I had signed up for Roberts.

It was a good class, and I thank professor Bill Roberts for the lessons learned there. But I missed out on Burns.

I missed out on the way Father Norbert Burns, S.M. ’45, shared a personal welcome with each of his students, and the energy he brought to each class and counseling session. I’ve heard these stories countless times from appreciative alumni. But I was fortunate to have known him in other ways.

Father Burns was close with my father-in-law, professor emeritus William Anderson. In the 19 years I’ve worked at UD, Father Burns never once missed an opportunity to acknowledge the Andersons and send love their way through me. After each new issue of the magazine, my phone would ring, and Father Burns would be on the other end offering congratulations. He’d send me notes about stories to cover — like his 90th birthday party. Whenever we met in person, he would first raise both hands to the heavens as I’d seen him do in Mass so many times, then reach out and grasp and hug and listen. Father Burns died Aug. 28 at the age of 96 (see story, Page 14).

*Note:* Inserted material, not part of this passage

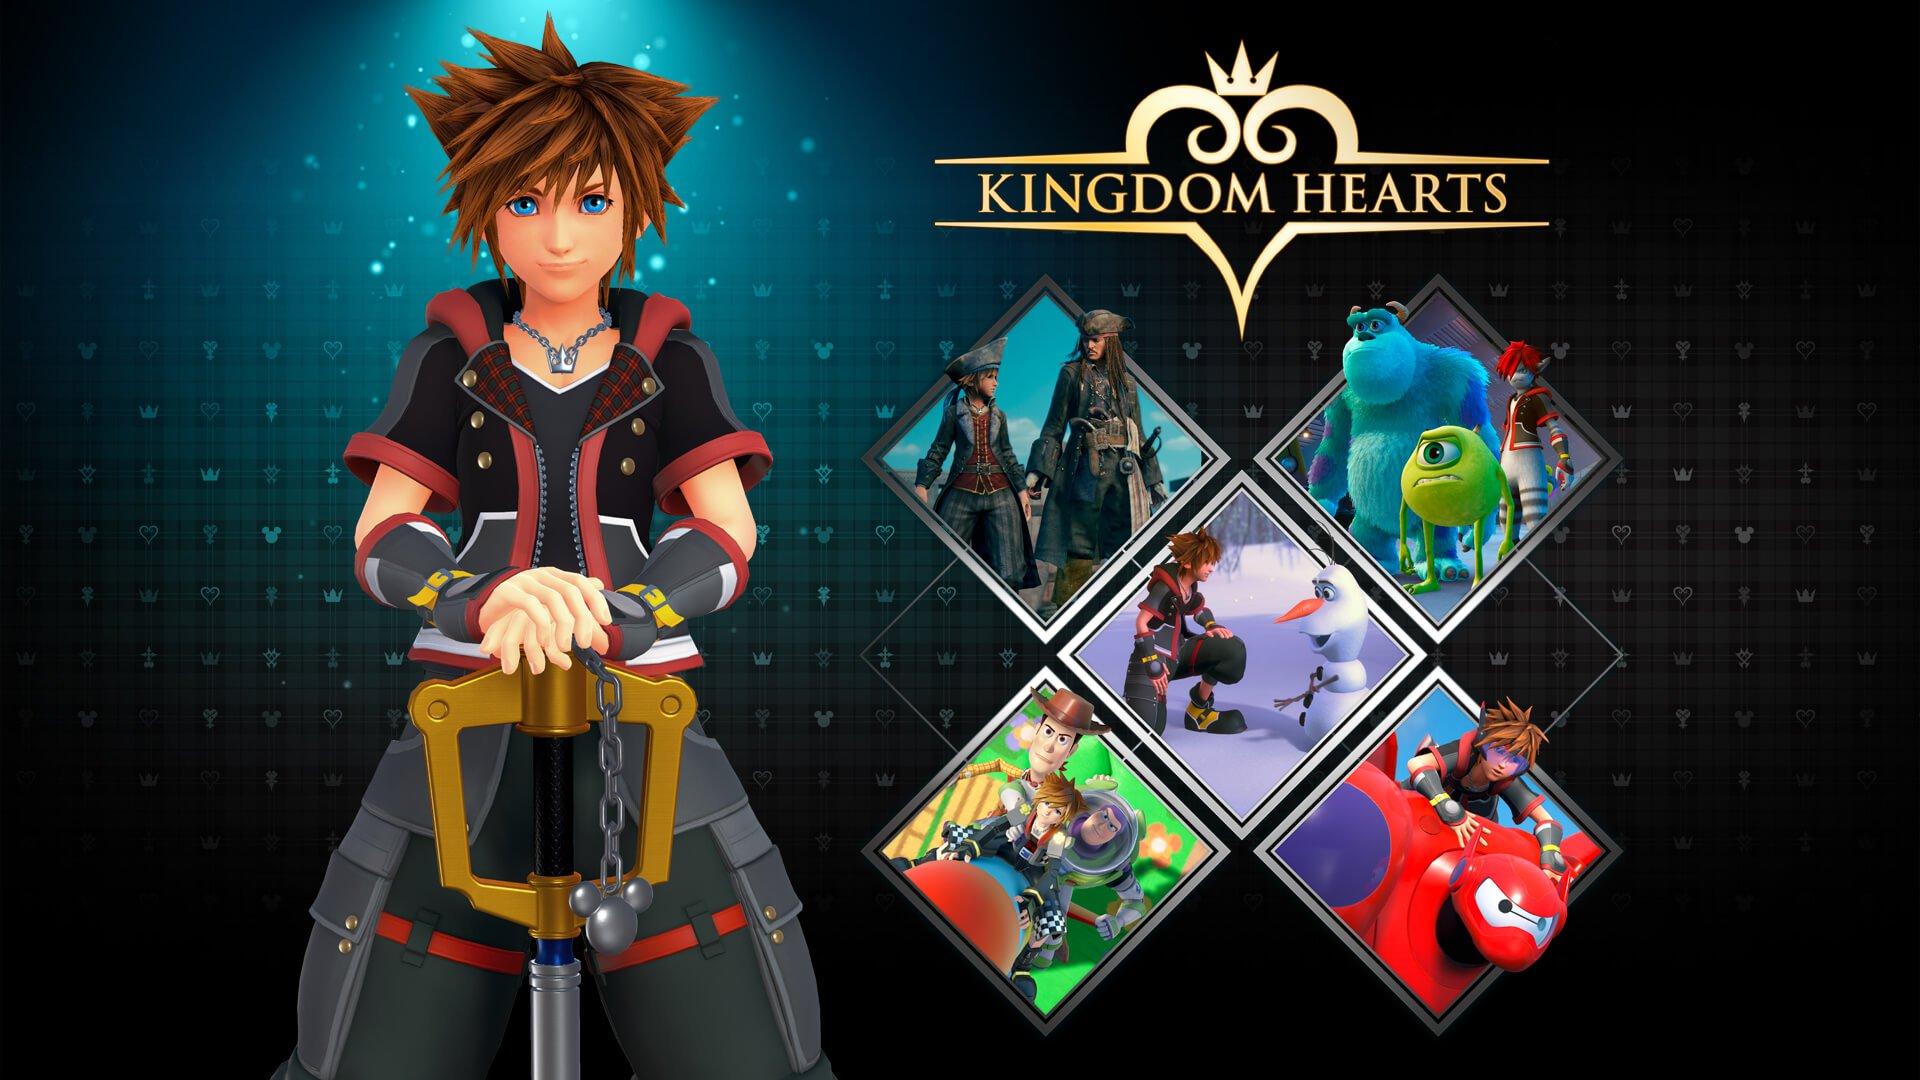 Серия игр Kingdom Hearts выйдет на ПК в качестве эксклюзива для Epic Games Store - ITC.ua

I find myself missing so much this season.

Jillian Parker, a visual arts senior and daughter of my UD housemate and dear friend, was killed Aug. 29 while riding her bicycle on a beautiful late summer day when sun shines with unending brilliance through the rustling corn. She was a spark, a bright light to so many of us, a multitalented and creative soul that burned with a passion to help others. She was 21. When I think of her, my head fills with clouds and I ache for those who also love Jill.

In this issue of Class Notes, we share several letters from Flyers who express their sorrow at the death of a housemate or classmate, and their joy for having had the opportunity to know and love such extraordinary humans.

When we started at UD, we did not know the names of professors who would shape us or the classes that would inspire us. We had yet to meet the people we would grow with and become close to.

“I see people as God’s gift to me.”

When he retired from teaching in 2007, Burns shared with the magazine his six keys for forming Marianist community, one of which is, “I see people as God’s gift to me.”

As this year continues to test us in unforeseen ways, it is the people in our lives — these gifts to us — that keep us strong and smiling. These friendships will outlast time and pandemic and tragedy, and for that we give thanks.